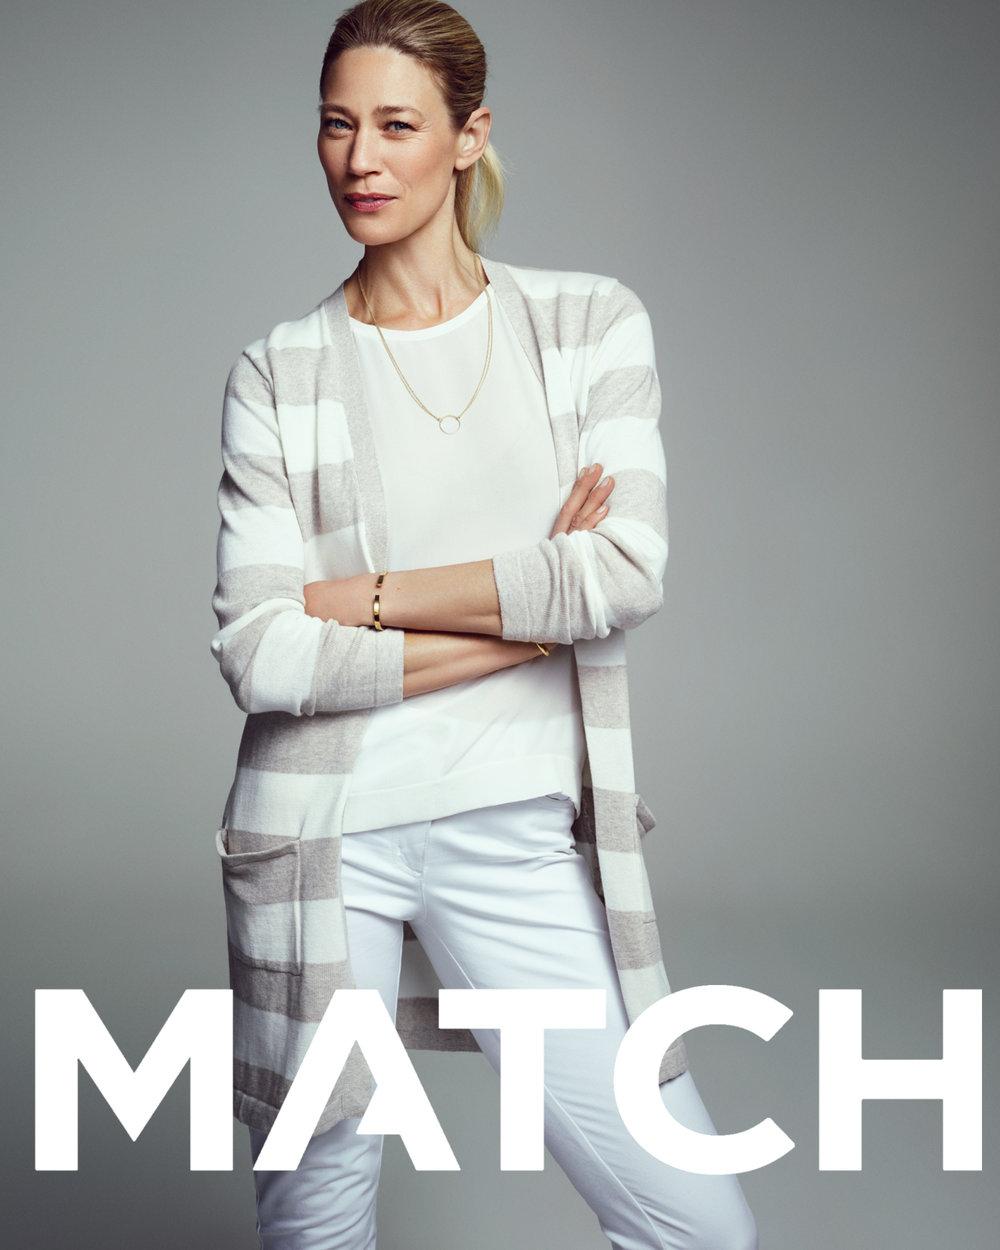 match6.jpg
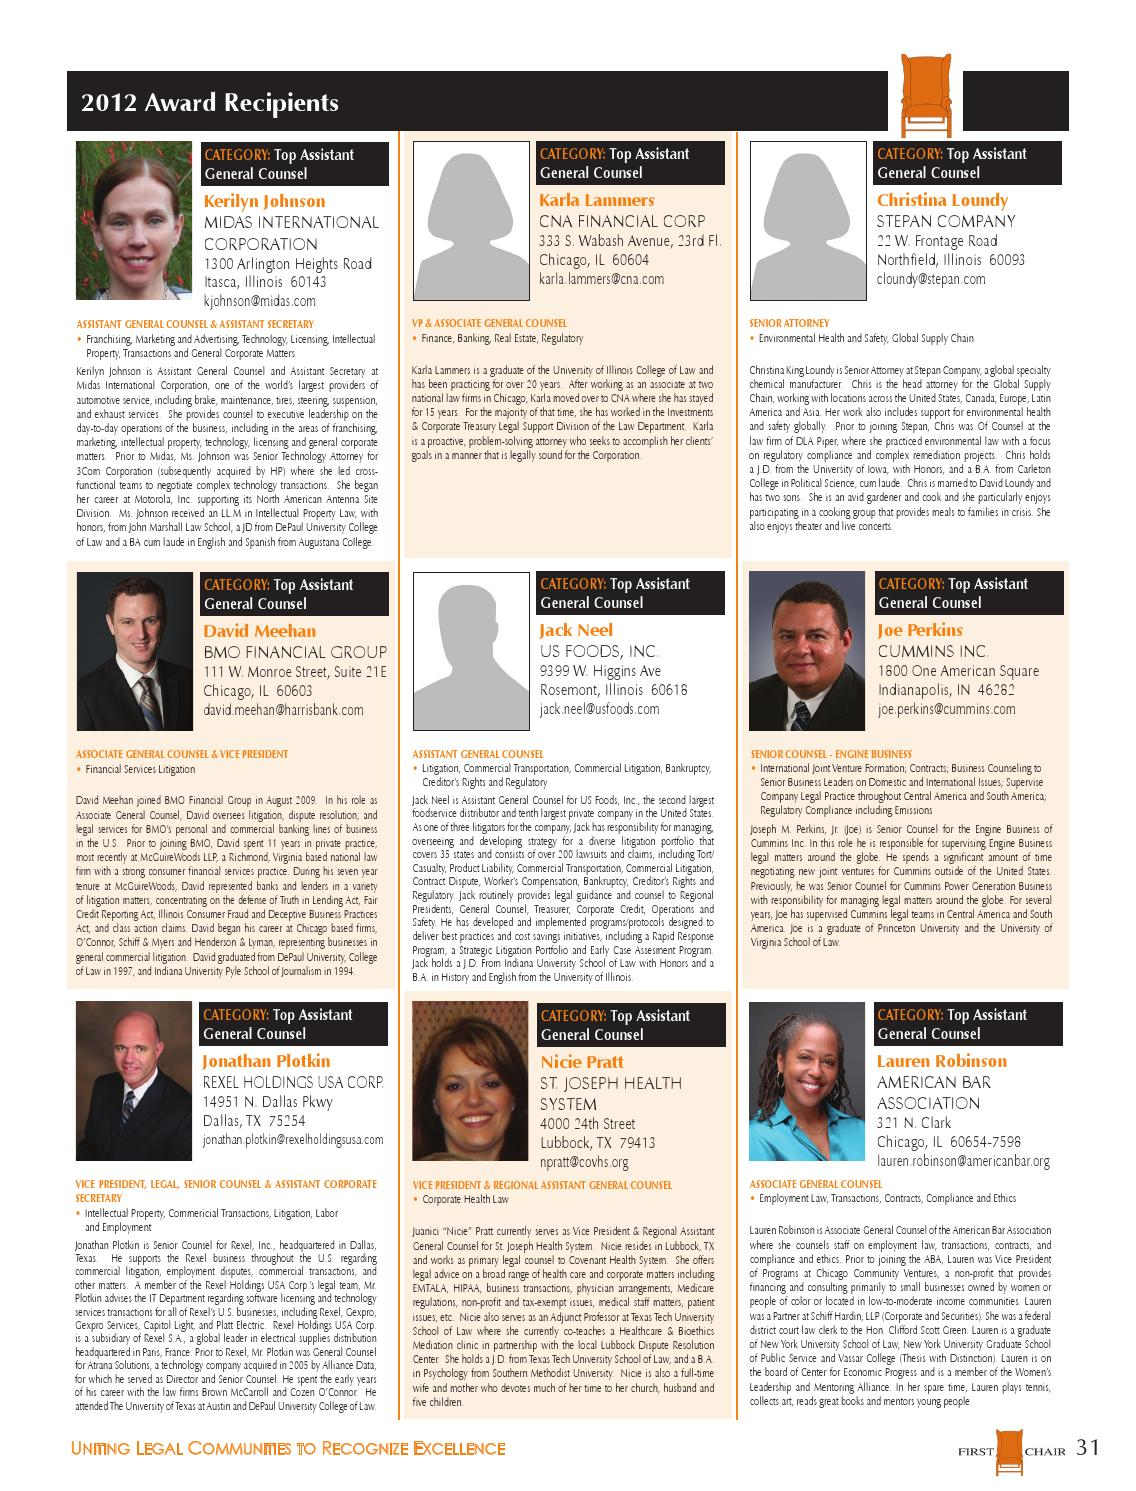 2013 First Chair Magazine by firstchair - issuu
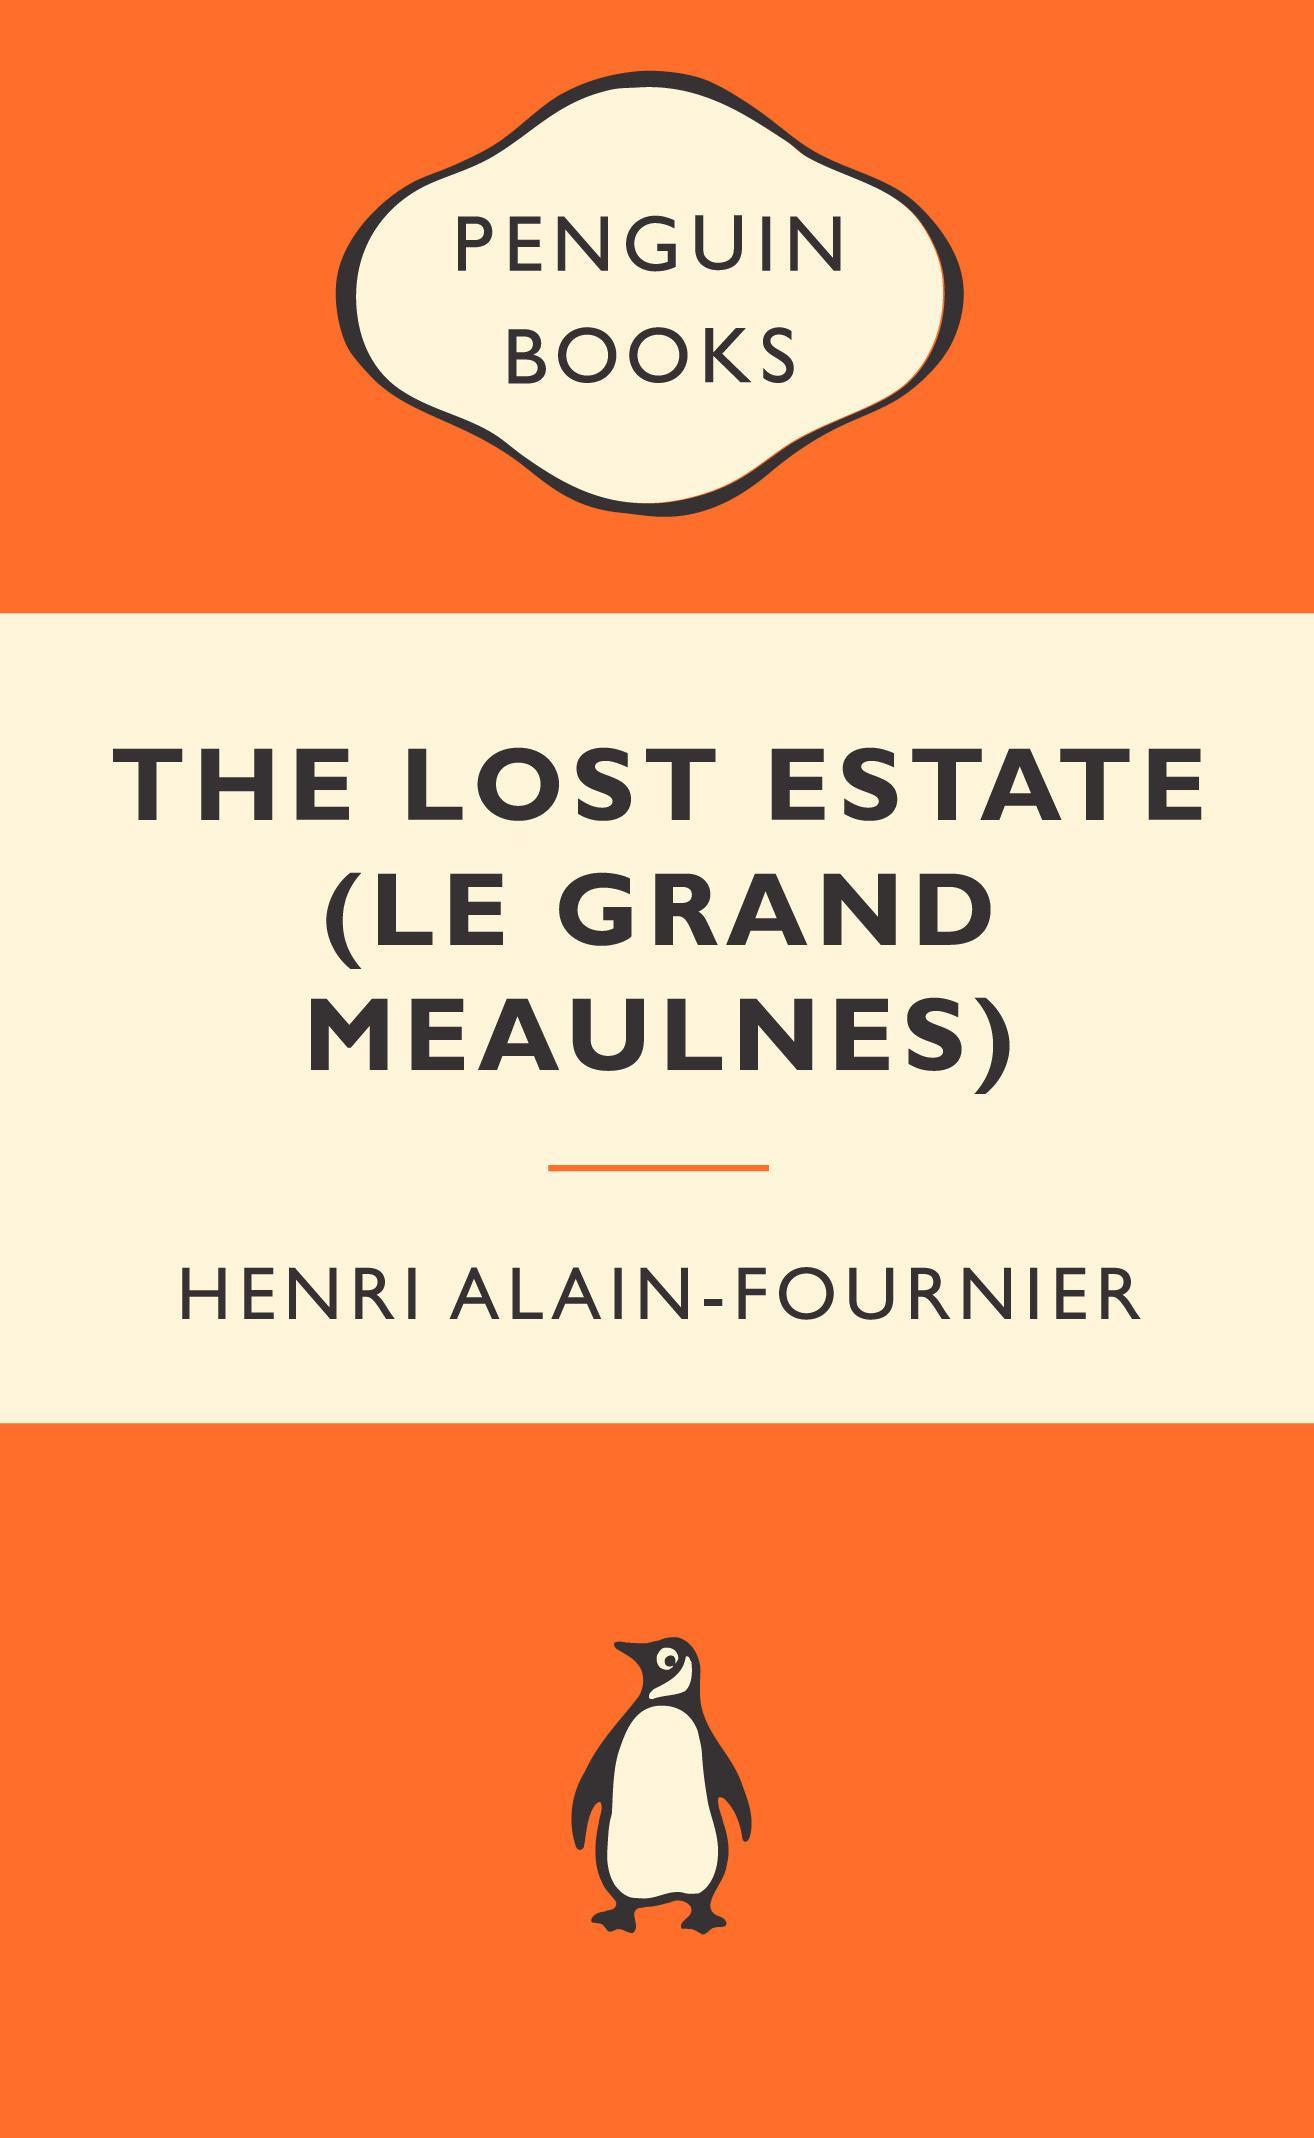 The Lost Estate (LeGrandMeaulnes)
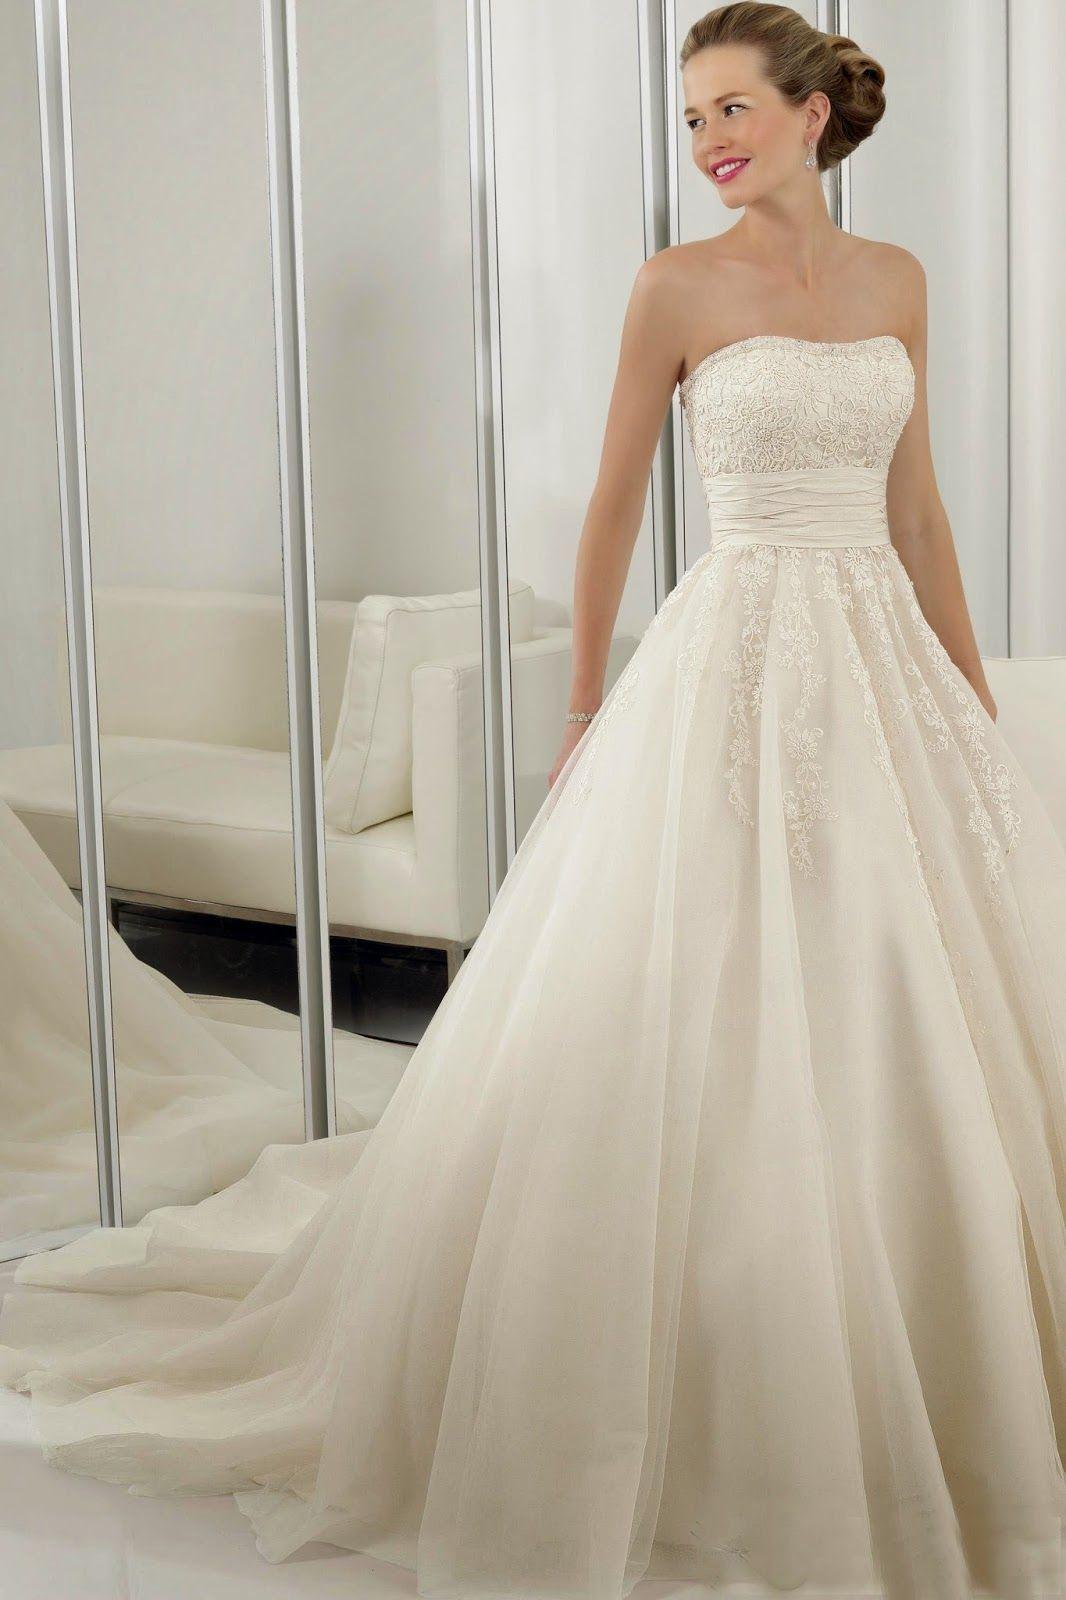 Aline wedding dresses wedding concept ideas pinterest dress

● **What you should do**
Transcribe exactly the span of lines from the line holding "2013 First Chair" through the last line above, both included. Pictures stay out.

● **Final answer**
 2013 First Chair Magazine by firstchair - issuu
 The Lost Estate (LeGrandMeaulnes)
 Aline wedding dresses wedding concept ideas pinterest dress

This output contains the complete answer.